So much to do…
Posted on October 8th, 2008 @ 11:15 am

I’m running around lately like a headless chicken. Not an attractive sight - especially at the end of the day when I’m exhausted and forget everything I did in a day. Plus, the things that I -want- to do at home are things that I don’t get around to, and that’s never good. But it works out in the end.

Today’s tasks are:

  • Work on one of my Christmas scarves. I have about 7 more to go so the quicker I finish them, the better.
  • At least one load of laundry when Matt gets home. I need to wash his work pants, or else I’d just do it now.
  • Upload photos of the new car, so that I can show it off!
  • Finish up a post I’ve been working on that’s been sitting in drafts for about two months now. I seriously forgot it was there, how bad is that?
  • Clean up the floor behind my desk and my desk itself. What a disaster this room is now that I’m not home all the time.

Doesn’t seem like a big list, I’m sure, but to me it’s pretty daunting. I hate doing laundry these days because it’s so far down, and cleaning the room is exhausting, and uploading photos means I have to sit here and CONCENTRATE and really, how can I do that these days?

As for why I’ve been a poor headless chicken the past few weeks? Here’s exactly what my day was yesterday:

  • 8:30 - Showered, got dressed, and packed up my supplies for…
  • 10:15 - Coordinator picked me for a volunteer fair at MSVU. This event wasn’t too bad - lots of talking (recruiting) and a slice of pizza, and oh yeah - translating a brochure from Spanish to English for a woman that was trying to help her son get ready for his First Communion. Random? Of course.
  • 2:00 - Headed to the office at Dalhousie. Made a few phone calls to get ready for today’s learner heading downtown. Filed some paperwork.
  • 3:45 - Headed to one of the sites for the reading clubs to drop off some books and information.
  • 4:30 - First homework club. My learner didn’t get there until 6:30 but I got there early to help out a bit with organization.
  • 8:00 - Got home. Done tutoring for the day. Grabbed a quick plate of supper and ate it as fast as I could.
  • 8:30 - Logged into WoW to raid. Raided until 12:45 or something (might not have been that late, not sure) and then went to bed.
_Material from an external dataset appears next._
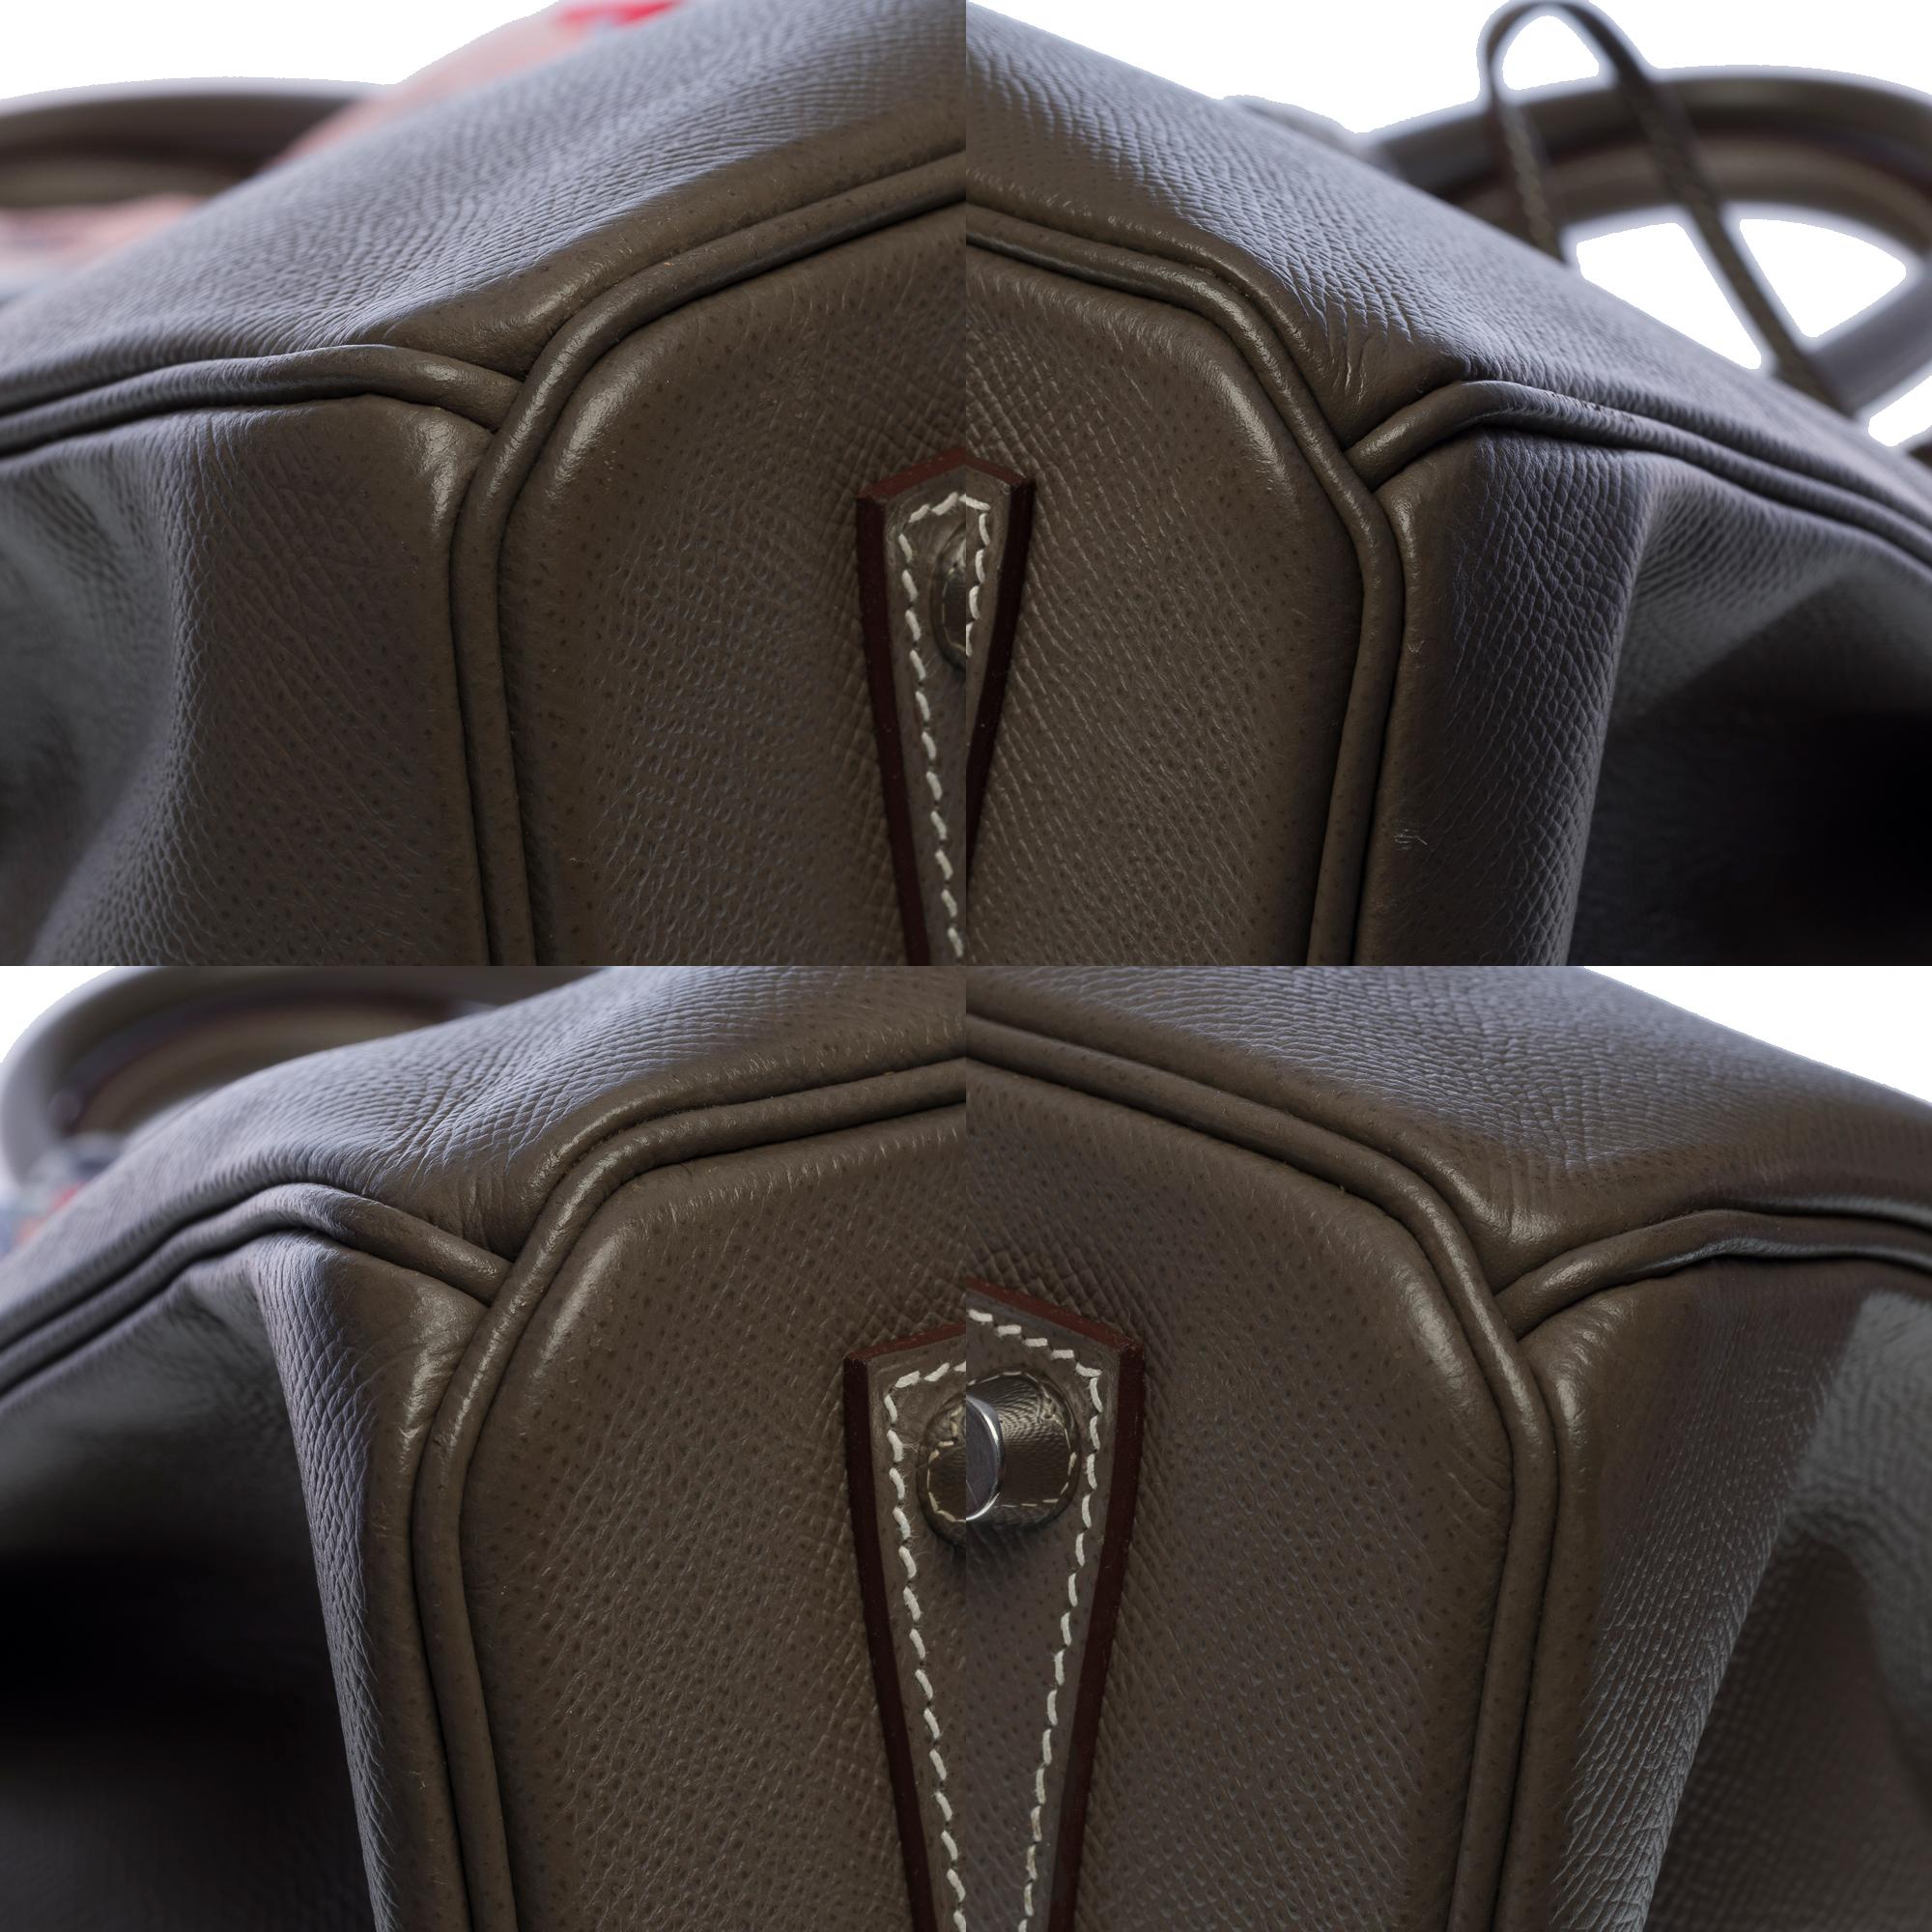 Hermès Birkin 35 HSS (Special Order) handbag in etoupe epsom leather, SHW 4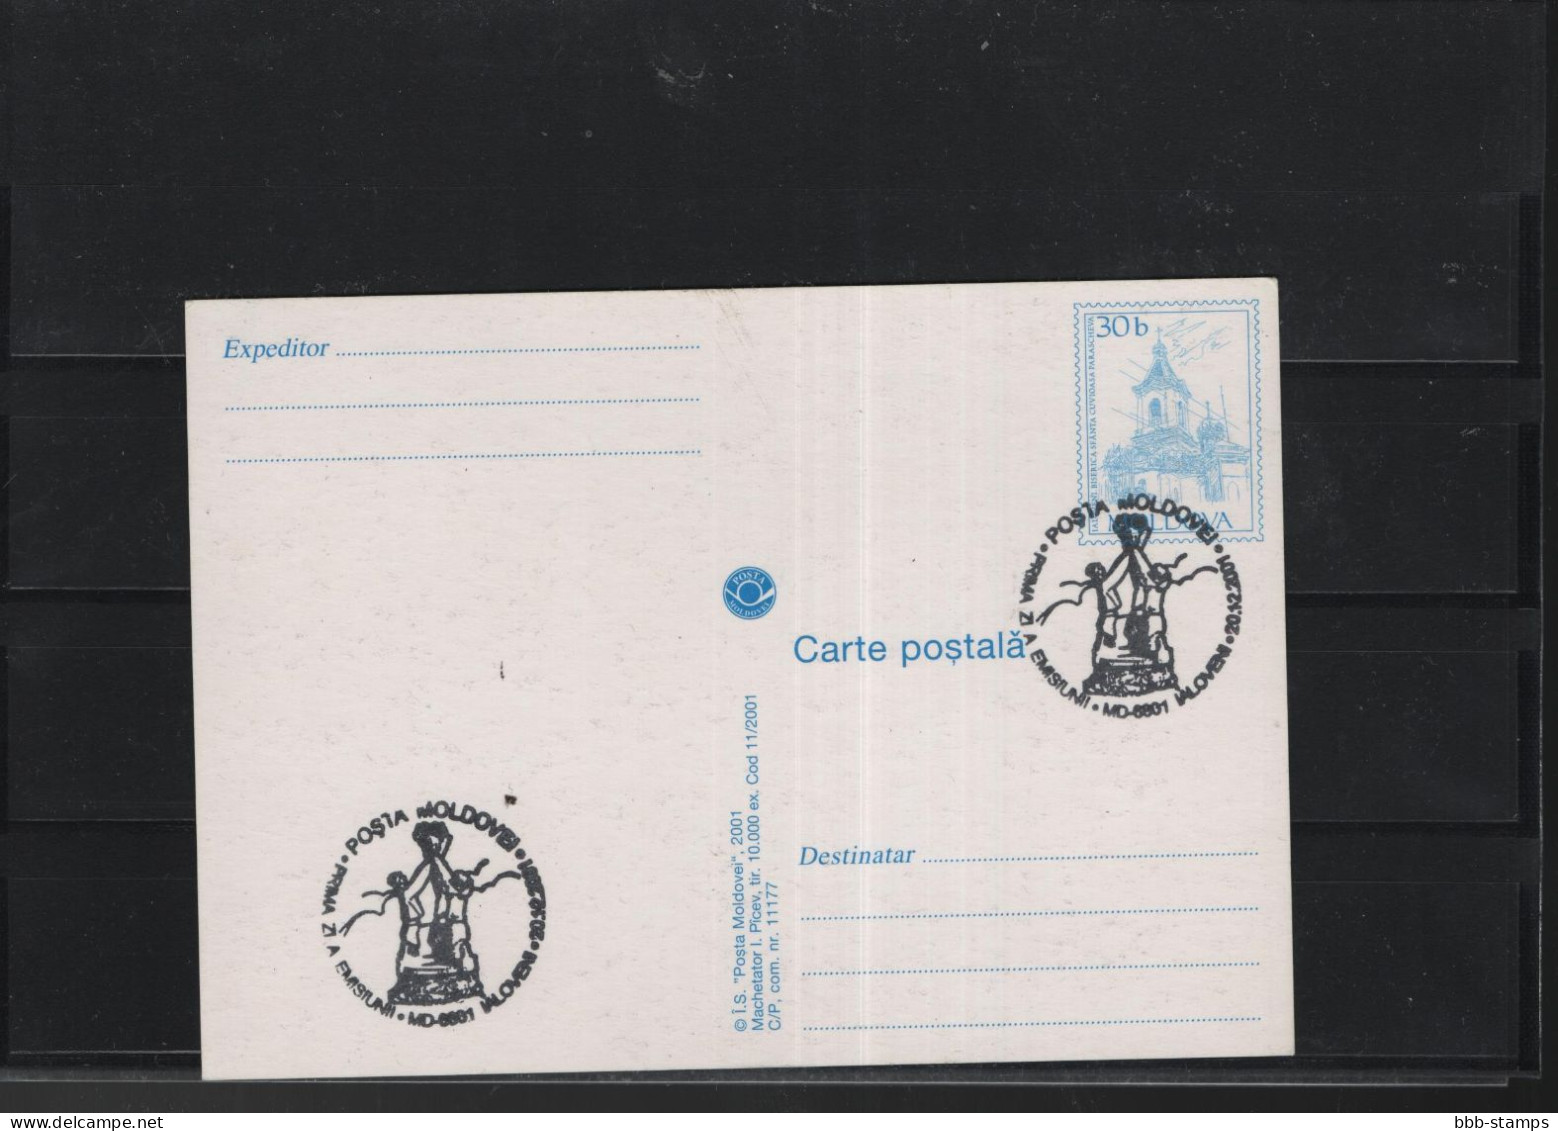 Moldavien Michel Cat.No. Postal Stat  Card Issued  20.12.2001 - Moldavie

Is it any wonder I just want to sleep?



Gaming · Goals · Lazy · List · Tired · Volunteering · World of Warcraft
It’s been a while.
Posted on October 4th, 2008 @ 9:20 am

I haven’t been posting lately because I’ve been either super busy, sick, or in the middle of feeling down and didn’t want to bring my negativity out for everyone to see. I’m back now, though I feel bad that I’m posting this before a scheduled Weekend Wrap-Up tomorrow. It won’t stay at the top long but at least it’s a way to be sure nobody thinks I’ve abandoned writing about my life altogether.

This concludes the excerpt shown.